In the last thirty years or so the Ports of Seattle and Long Beach, and Powder River Basin coal reserves in Wyoming and Montana have become extremely important bases of traffic for railroads like Union Pacific and BNSF Railway. These two railroads have feverishly been adding capacity in the last decade or so trying to keep up with the ever growing demand of this traffic as the low-sulfur, cleaner burning coal of the Powder River Basin is a highly demanded commodity for power plants seeking to reduce emissions and abide by ever-stringent EPA environmental regulations. Similarly, the Ports of Seattle and Long Beach are also rapidly growing trying to keep up with the demanded goods from China, Japan, and other western markets which either head to eastern markets of the U.S. or to our eastern ports to continue their journey by ship across the Atlantic Ocean.

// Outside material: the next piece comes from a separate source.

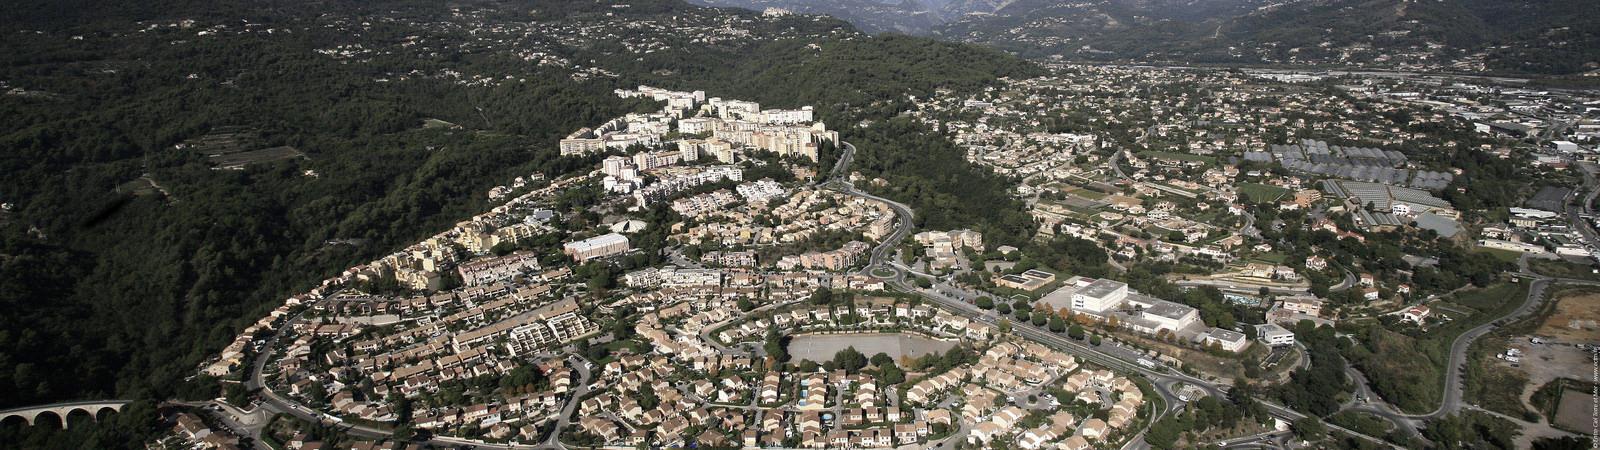 Nice Grid, Carros, Südfrankreich Carros hat 10 500 Einwohner und umfaßt das größte Industriegebiet des Départements Département Alpes-Maritimes ist eine elektrische «Halbinsel», versorgt durch eine

In any event, below you can find more information about each state’s railroading operations, listed in alphabetical order:
As previously mentioned, the ability of western railroads to ship traffic over long distances kept profits up and bankruptcies low during the tumultuous years of the 1960s and 1970s (unlike the case for eastern railroads). This was due to the length between markets, which allowed for even greater profits for the larger railroads like Southern Pacific, Milwaukee Road, Union Pacific, and Missouri Pacific whose main lines stretched from the West Coast to, sometimes, the Midwest (in the case of the Milwaukee Road, with trackage rights included, it stretched from Louisville, Kentucky all of the way to Seattle, Washington!). The ability of such long route, reaching large markets like St. Louis, Chicago, Los Angeles, Dallas/Fort Worth, Kansas City and Seattle with fewer competitors was far less straining than in the east.
As mentioned before, western state railroading operations is often defined by beautiful, open, and panoramic views often not afforded in the east where rolling hills and deciduous forest obstruct such scenes, which is one reason many railfans are drawn to the railroads west of the Mississippi. As for the railroads and engineering feats that define the West some include fabled Tehachapi Loop, Tennessee Pass, the Feather River Canyon route of the Western Pacific, the Denver & Rio Grande Western’s historic narrow-gauge operations in Colorado, Santa Fe’s famous Cajon Pass, and the late St. Paul Pass, in Idaho, and Snoqualmie Pass, in Washington State, operated by the Milwaukee Road.